In the quickstart tutorial, optimizer.zero_grad() is called at the end of a mini-batch in order to ensure that the batches are independent. In the developer documentation, they call module.zero_grad() instead. This was the first time I’d seen the latter.

The implementation of Optimizer.zero_grad() is:

    def zero_grad(self, set_to_none: bool = False):
        if not hasattr(self, "_zero_grad_profile_name"):
            self._hook_for_profile()
        with torch.autograd.profiler.record_function(self._zero_grad_profile_name):
            for group in self.param_groups:
                for p in group['params']:
                    if p.grad is not None:
                        if set_to_none:
                            p.grad = None
                        else:
                            if p.grad.grad_fn is not None:
                                p.grad.detach_()
                            else:
                                p.grad.requires_grad_(False)
                            p.grad.zero_()

And for Module.zero_grad():

def zero_grad(self, set_to_none: bool = False) -> None:
	if getattr(self, '_is_replica', False):
		warnings.warn(...[blah blah multithreading blah blah]...)

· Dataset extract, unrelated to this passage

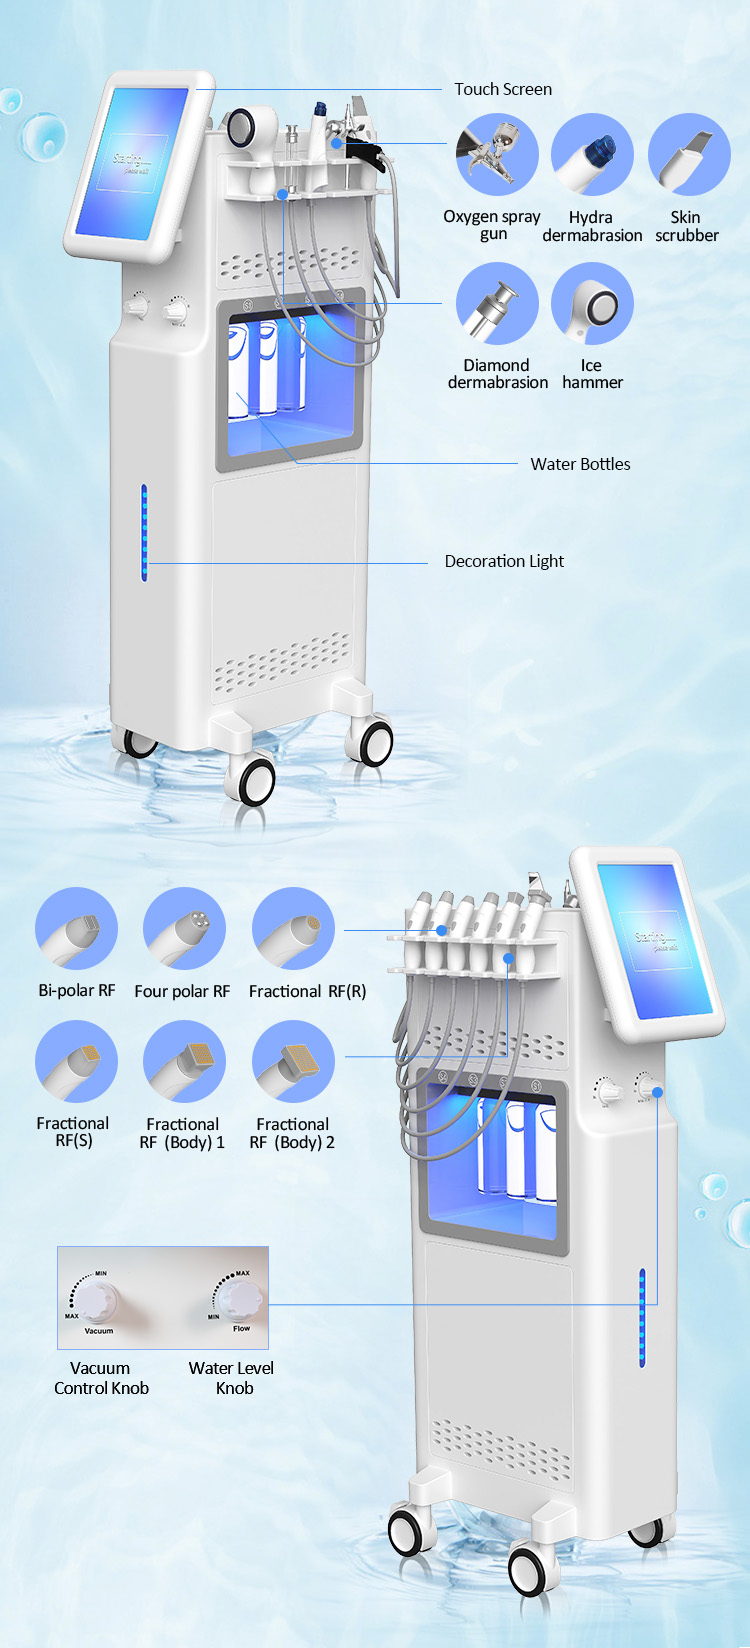 Factory Professional 11 in1 Face Spa Fractional RF Hydra Aqua Peel Facial Hydrodermabrasion Machine Skin Care Beauty Equipment New 11 in 1 Hydra Dermabrasion Machine Price hydra dermabrasion machine,hydra hacial machine,fractional rf machine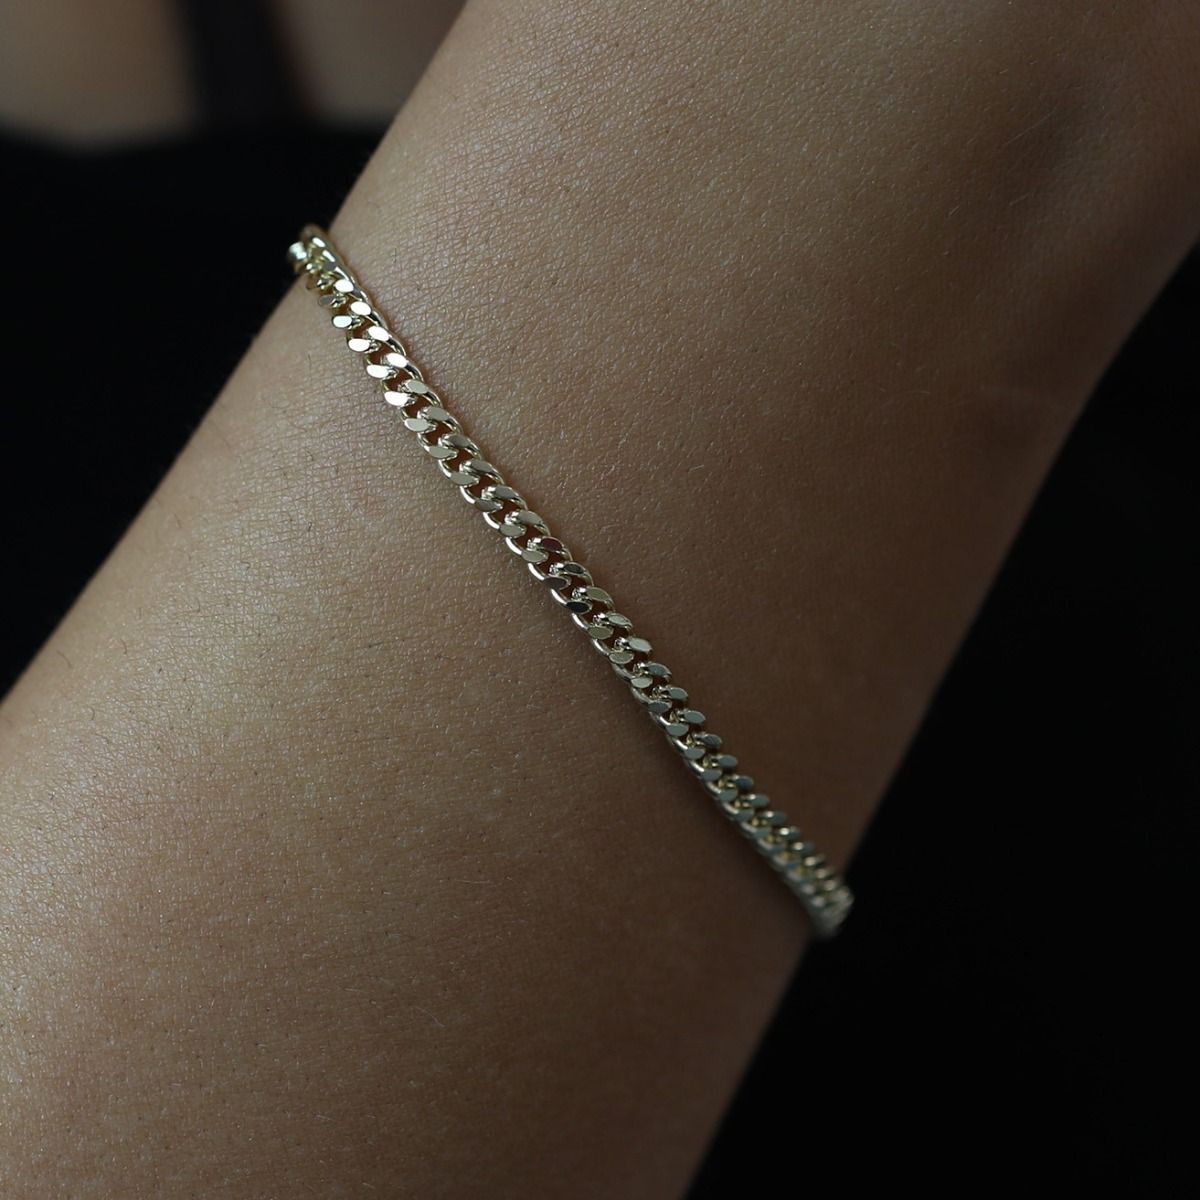 Make a bold statement with this exquisite curb chain gold bracelet. Crafted with precision, it exudes timeless elegance and sophistication. The sturdy links create a stunning visual appeal while reflecting the radiance of the gold. A versatile accessory t

	for p in self.parameters():
		if p.grad is not None:
			if set_to_none:
				p.grad = None
			else:
				if p.grad.grad_fn is not None:
					p.grad.detach_()
				else:
					p.grad.requires_grad_(False)
				p.grad.zero_()

The body of the innermost for loop is the same for each:

# PyTorch can use either None or a tensor of zeros for the zero gradient
if p.grad is not None:
	if set_to_none:
		p.grad = None
	else:
		if p.grad.grad_fn is not None:
			# Detaches the gradient tensor from the graph that created it
			p.grad.detach_()
		else:
			# Disable the computational graph so that zeroing the gradient
			# doesn't count as a computation
			p.grad.requires_grad_(False)
			
		# Zero out the gradient
		p.grad.zero_()

The difference is that the one in Module just does it for its own parameters. The one in Optimizer is a little fancier:

Typically, you’ll use the one on Optimizer. The one on Module is really just there for specialized situations, such as when you might want to zero out a submodule’s gradient in the middle of a larger operation.

Although the gradient is stored on the parameter tensors themselves (code, docs), it is associated with the computational graph, so Tensor does not have a zero_grad method. From an OO standpoint, this is pathological, but the PyTorch team prioritizes practical simplicity over engineering purity.